I’m slowly building up my understanding of the engine from an environmental artist/level creation perspective and how what I can create in my DCC apps translates over into Unreal and my levels.
One area I’m trying to understand is instancing, to create larger scale “duplicates” of e.g. rocks, plants, etc. to populate a level in a guided but procedural way.
1 - Is there any way to convey instancing via e.g. FBX, in the sense that one might leverage instancing in Maya or Max to create the scene, but then want to import that into Unreal? I’m kind of guessing not, short of creating actual object copies (real geo).
2 - Is the Foliage system what I should be focusing on in Unreal to create instances? I’m looking for good learning material on that if anybody has suggestions.

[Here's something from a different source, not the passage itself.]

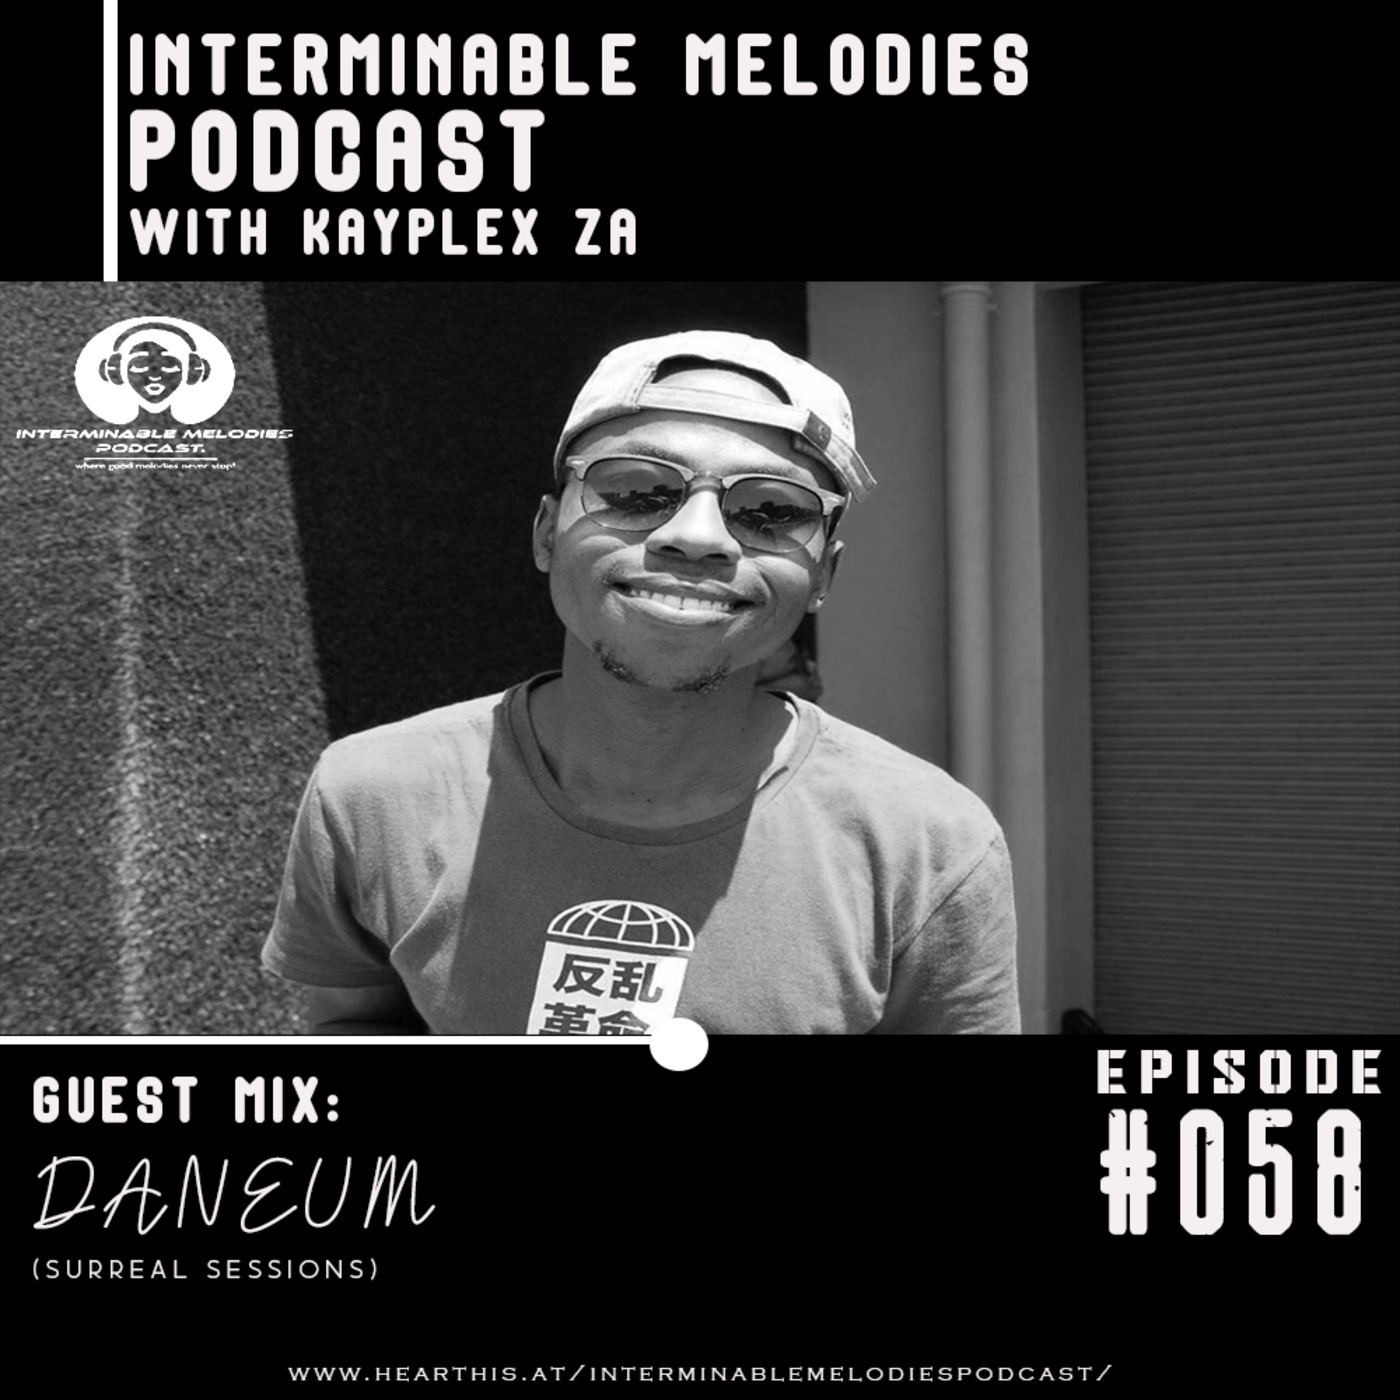 IMP - Episode #058 Guest Mix By Daneum
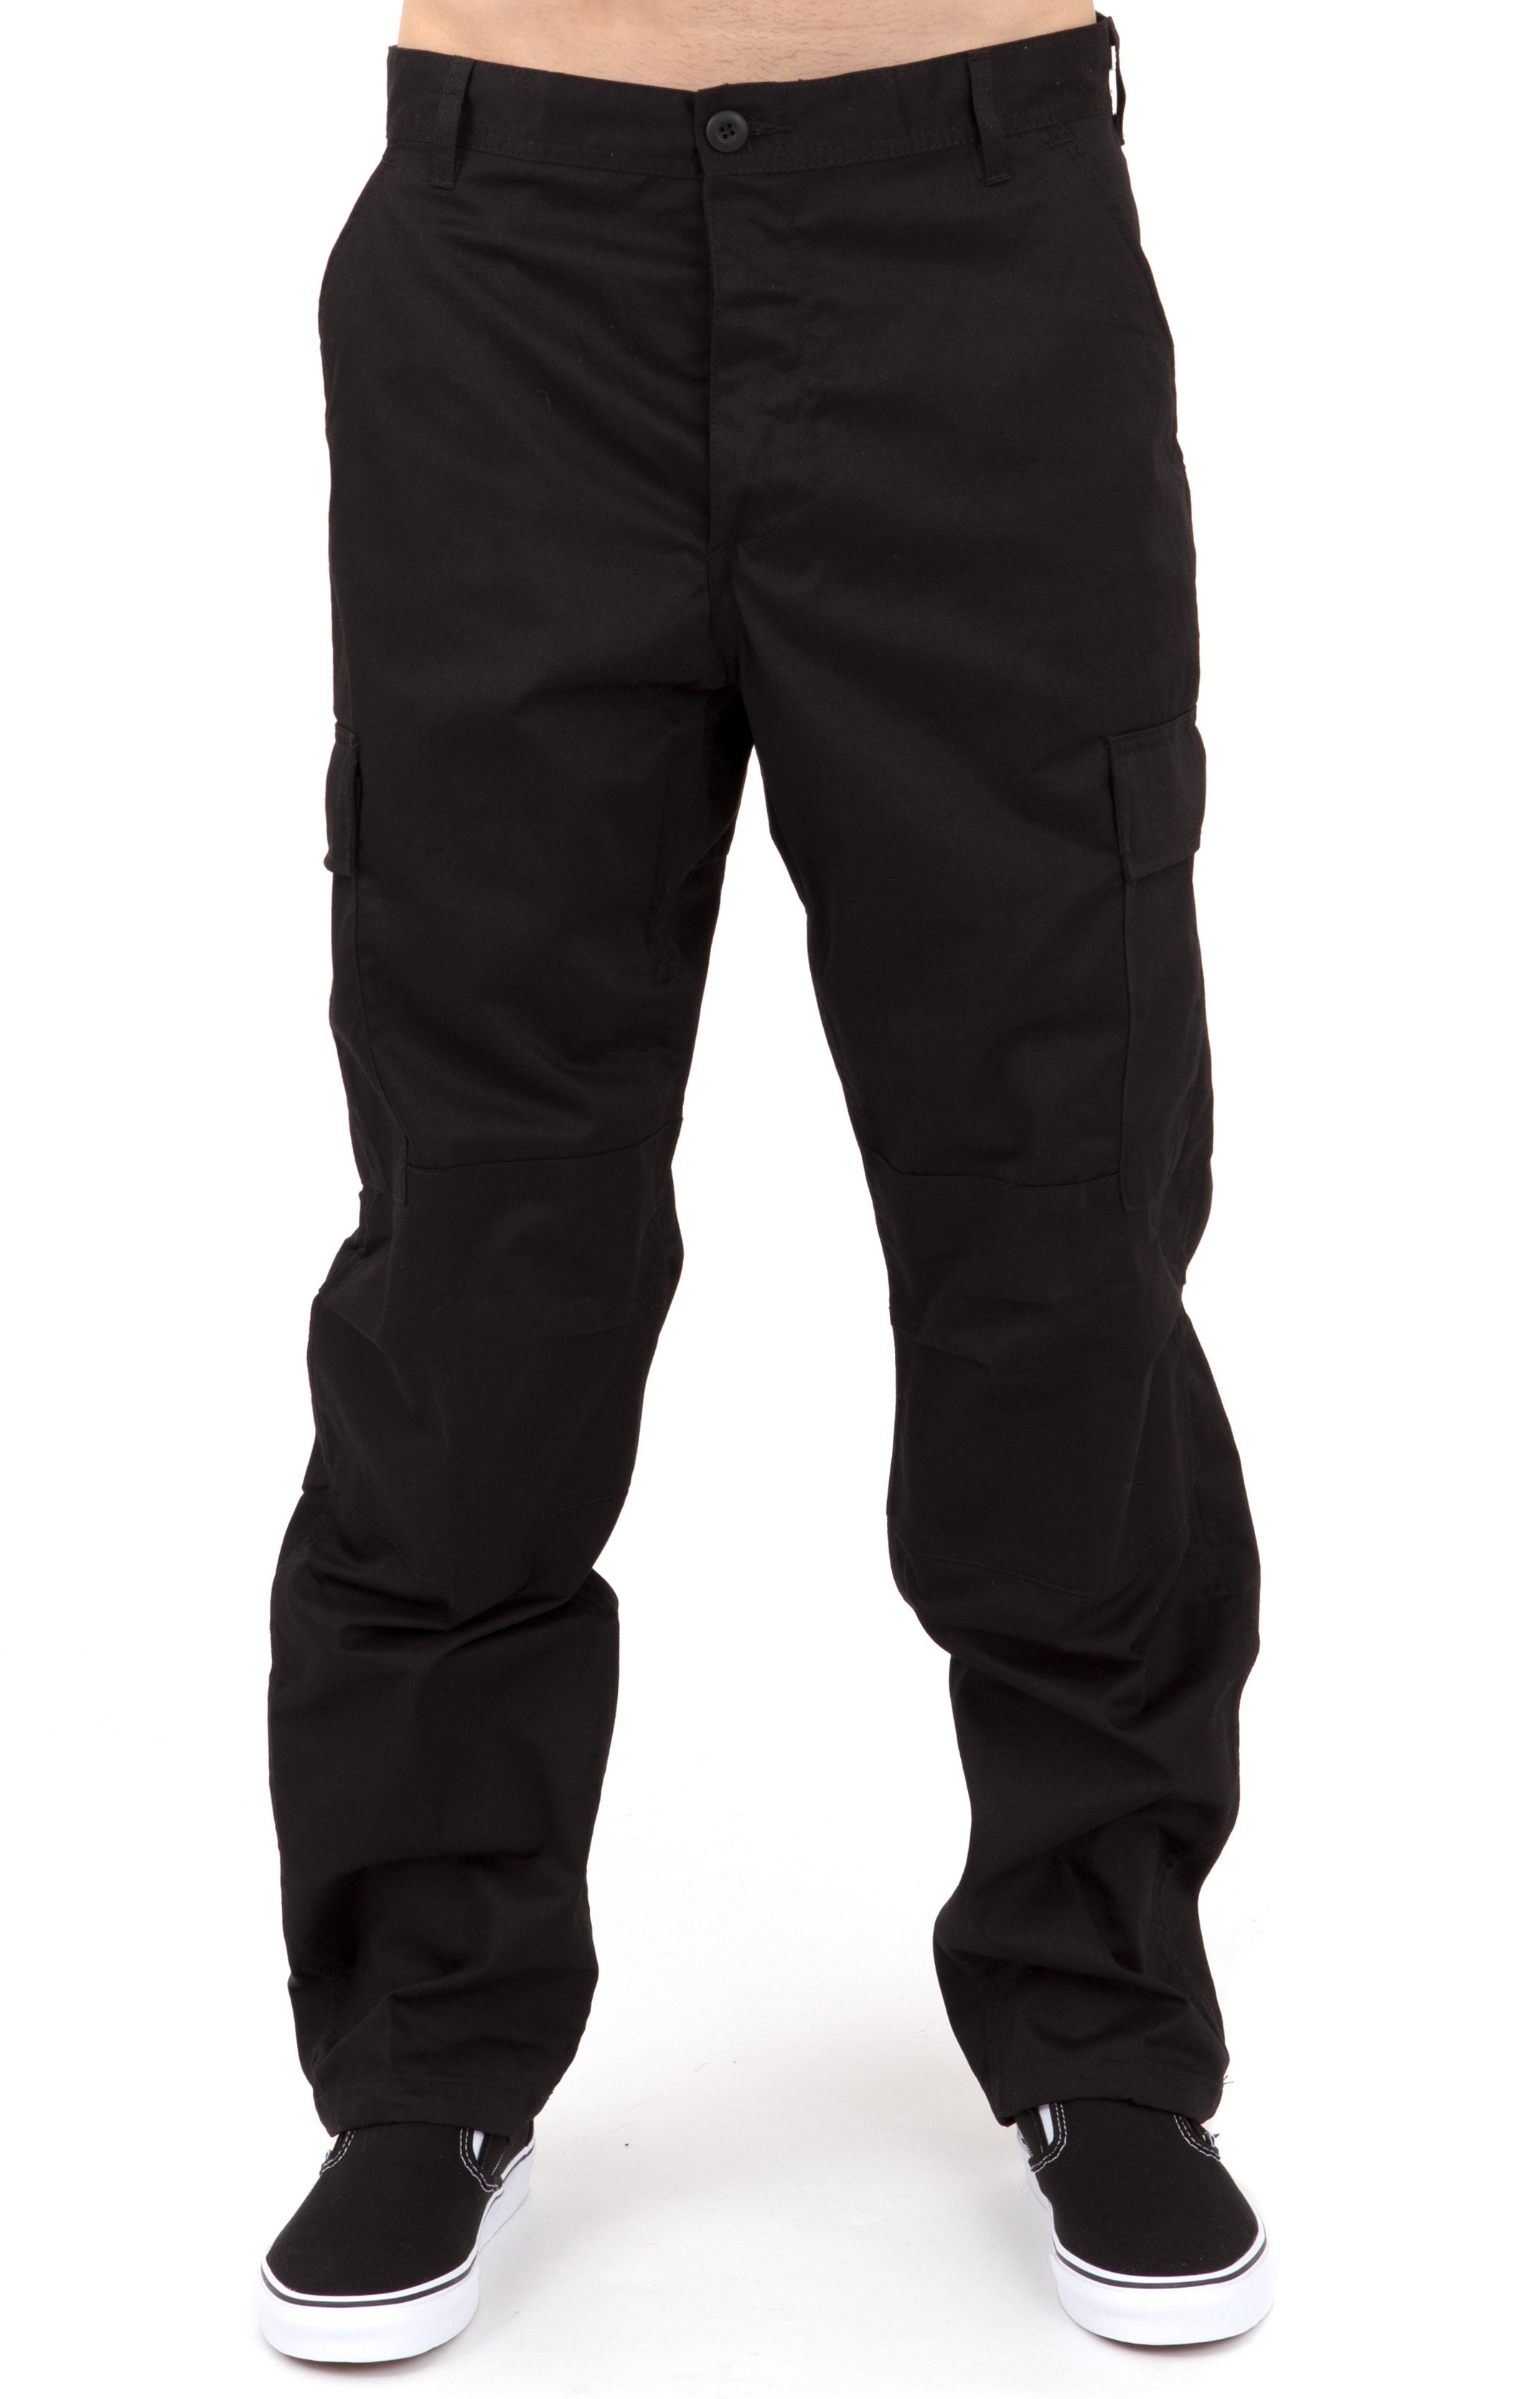 (7971) Rothco Tactical BDU Pants - Black

In say 3ds Max, my weapon of choice, an instance copy will translate an edit, in local space, from one mesh to another maintaining it’s position in world space so it’s not really what would be considered unbound. A Reference copy is different in that all copies are based off of the original and can only translate an edit forwards from the reference and the copies not translating backwards in the chain. Bit more efficient but not by much. In this case an instance is just to make editing easier across a large number of objects already in place (in place editing)
In UE4 a instance copy is unbound but when copied only has to copy what is already in memory so the big savings is the memory foot print and of course only has to render the copies with in the visible camera range and all else culled out so the idea that a change in one object will translate to changes up the chain does not happen because the instance is not bound to one another.
But
I believe the word use that best describes what I think your suggesting is called iteration. Lets say you want to put in scene 500 telephone poles but not 100% sure that they are fit to finish and what to change them all latter or you just want to reserve the space. In this case you can export a simple box primitive, call it something like telephone pole, export/import and place an instanced copy anywhere you wish. Now at some point you want to replace the box proxy with the perfect telephone you would position in 3ds Max relative to the origin, using the proxy as a reference point, and rename it to telephone pole followed by exporting as a replacement of the first file and in UE4 if you reimport the asset in the browser all 500 instanced copies will be updated.